There was a boost Friday for workers who make minimum wage.
Gov. Neil Abercrombie signed a bill that raises the state's minimum wage from $7.25 to $10.10 an hour over the next four years.
Hawaii now joins an exclusive club, becoming one of a few states to pass a bill that increases the minimum wage above $10.
"I'm very pleased for those who work every day who struggle to make basic obligations," said Abercrombie.
But getting to this point wasn't easy. Lawmakers bumped heads in a lengthy debate, but finally voted in April to raise the state's hourly rates.
"Because most minimum wage earners are second income earners, most minimum wage earners are women," said Sen. Clayton Hee. "Forty percent are homeless and this is the state with the highest cost of living."

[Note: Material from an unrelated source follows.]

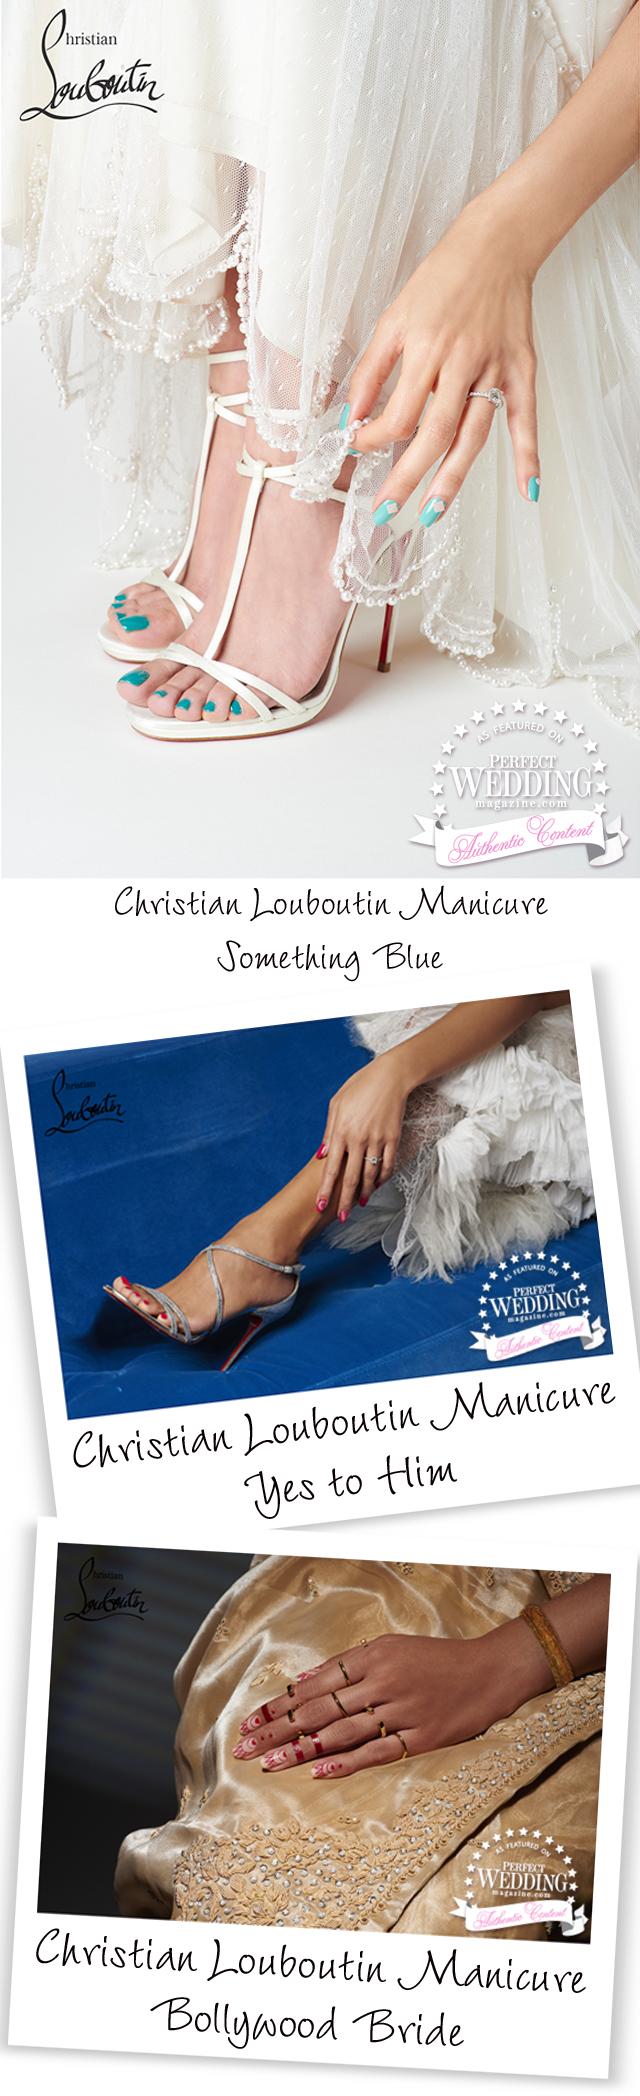 Christian Louboutin, Christian Louboutin Manicure, Christian Louboutin Bridal Manicure, Perfect Wedding Magazine, Nails Bridal trends, Couture Nail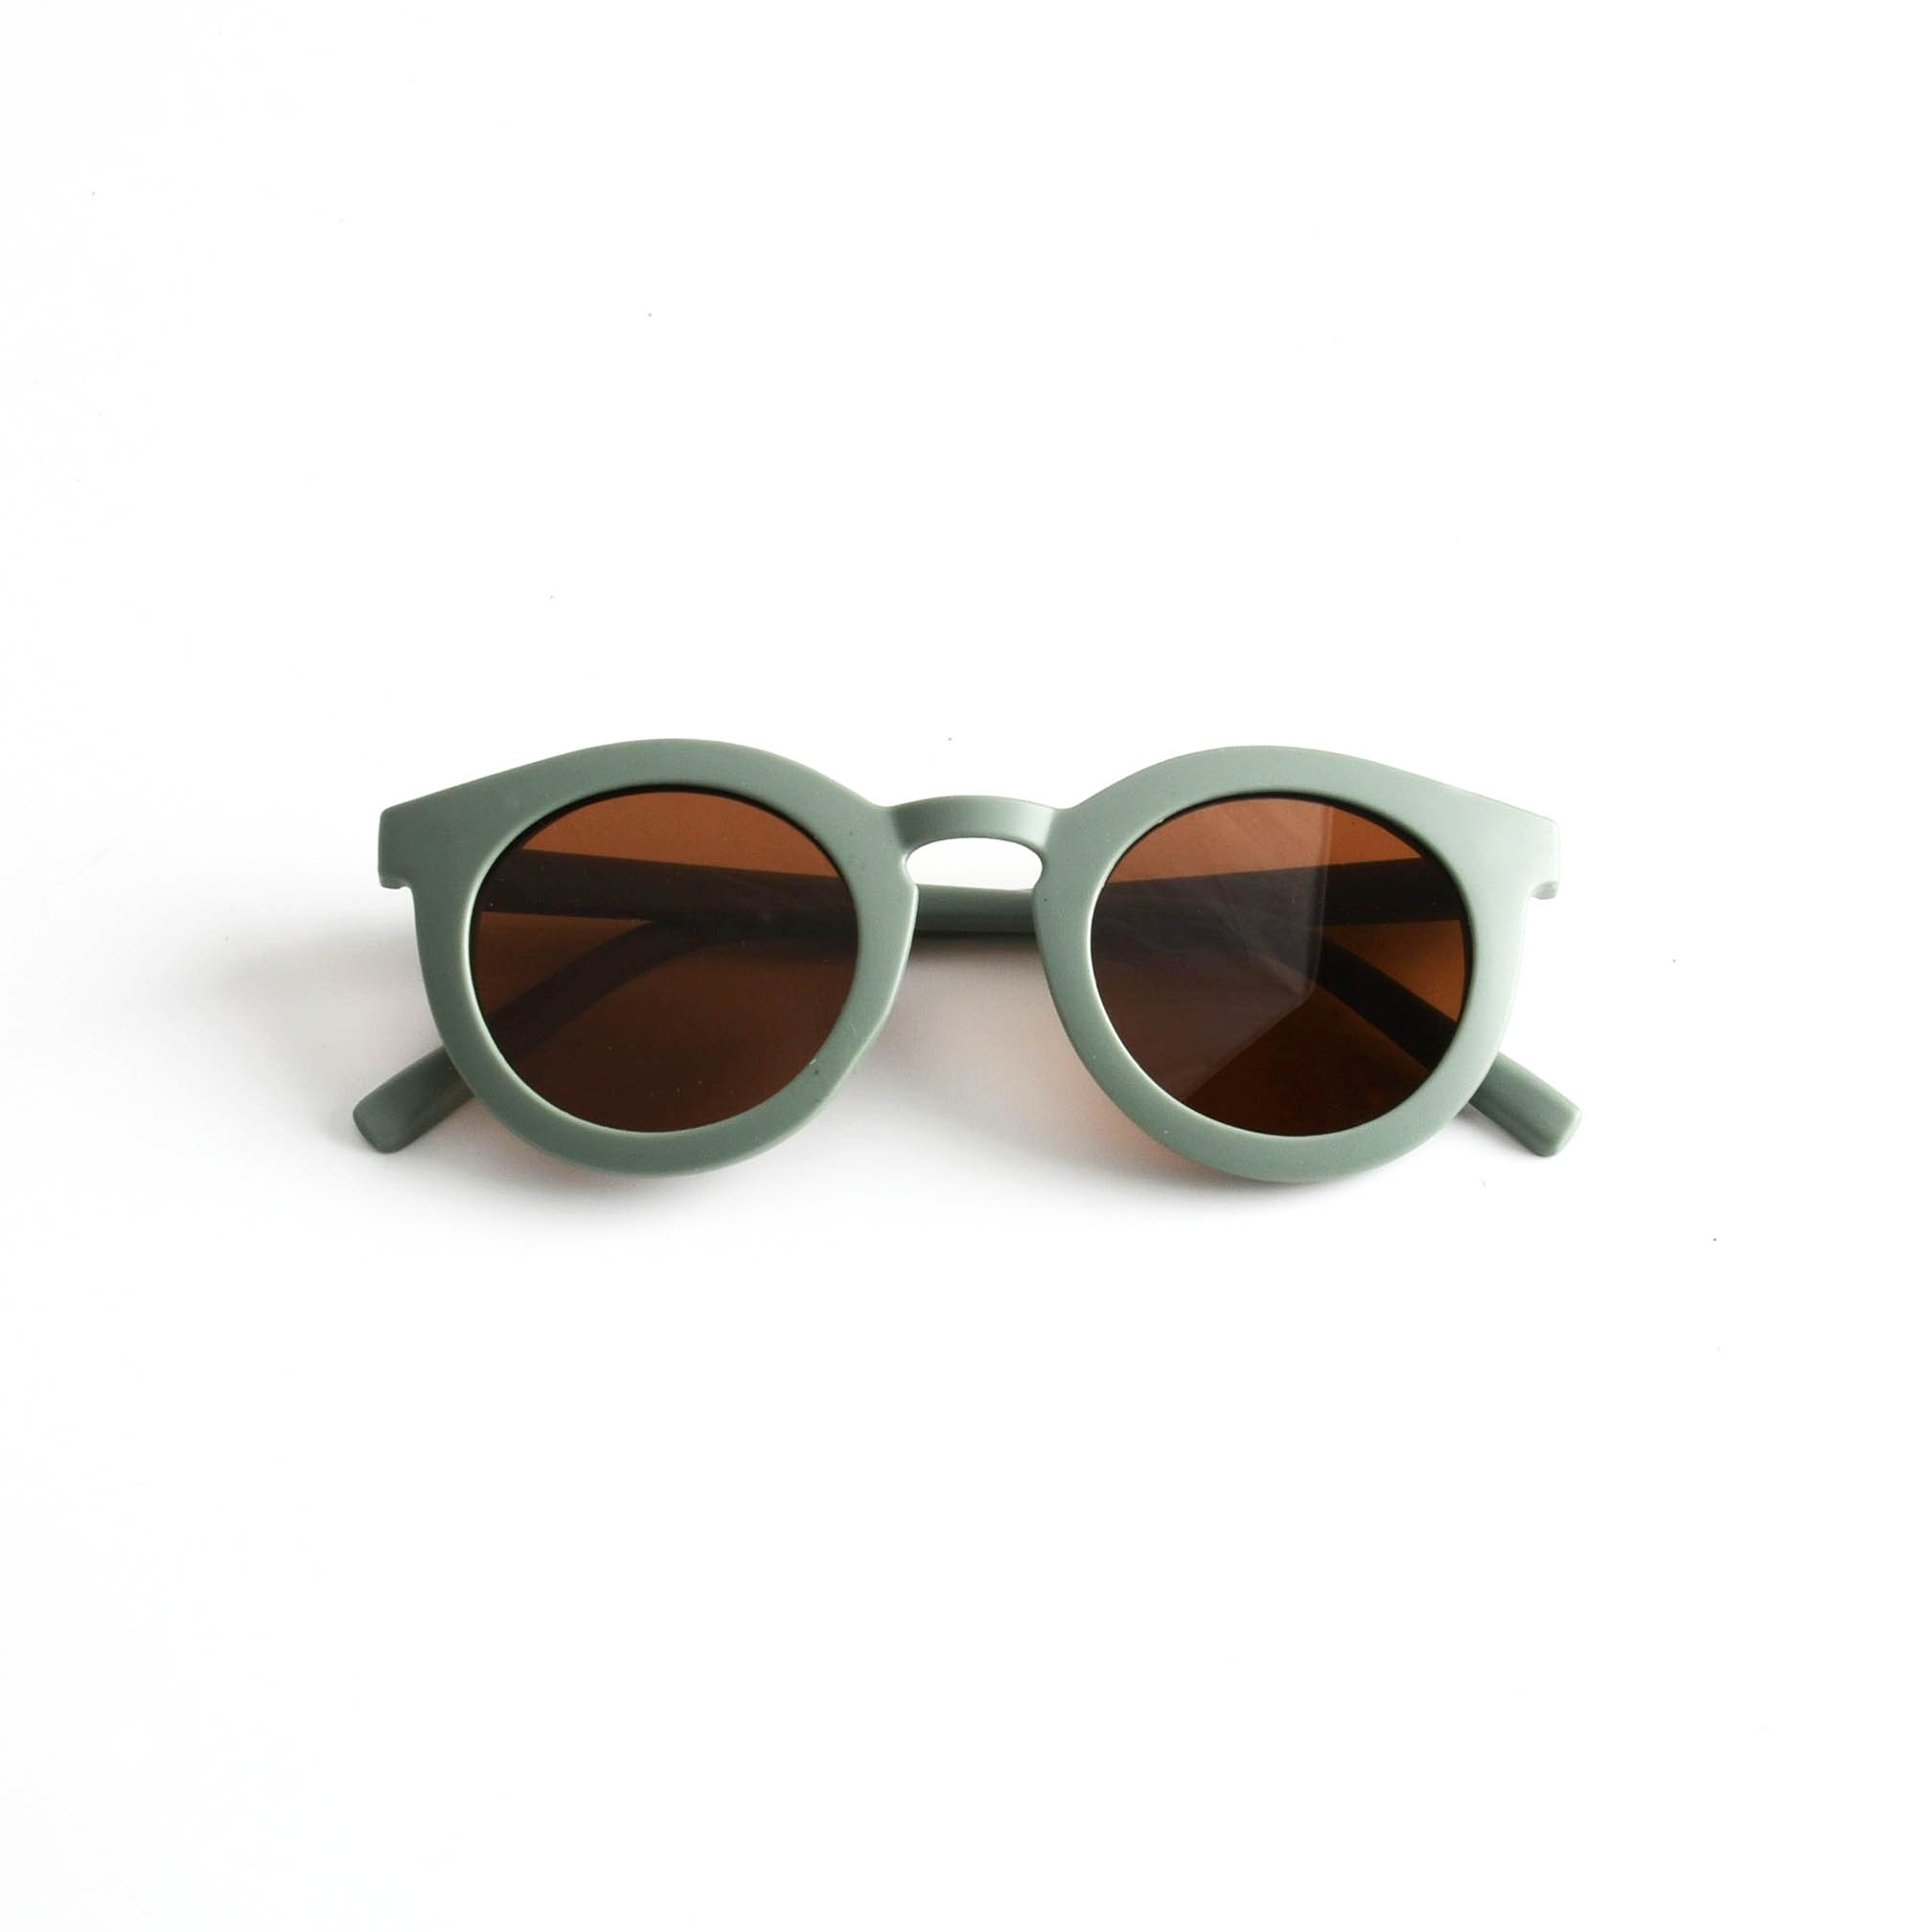 Sunglasses Fern  12.5cm x 14cm

"The Reserve Bank of Chicago predicts that for every dollar that we increase the minimum wage results in $2,800 spent by that working family," said Rep. Mark Nakashima.
Abercrombie said the minimum wage increase will spur the economy. The changes will begin next year with a 75-cent increase annually until it reaches $10.10 in 2018.
The increase will affect all workers, including those that earn tips.
Trisha Kajimura is the social policy director for the Catholic Charities of Hawaii. She helps a lot of working families and says raising the minimum wage is a start.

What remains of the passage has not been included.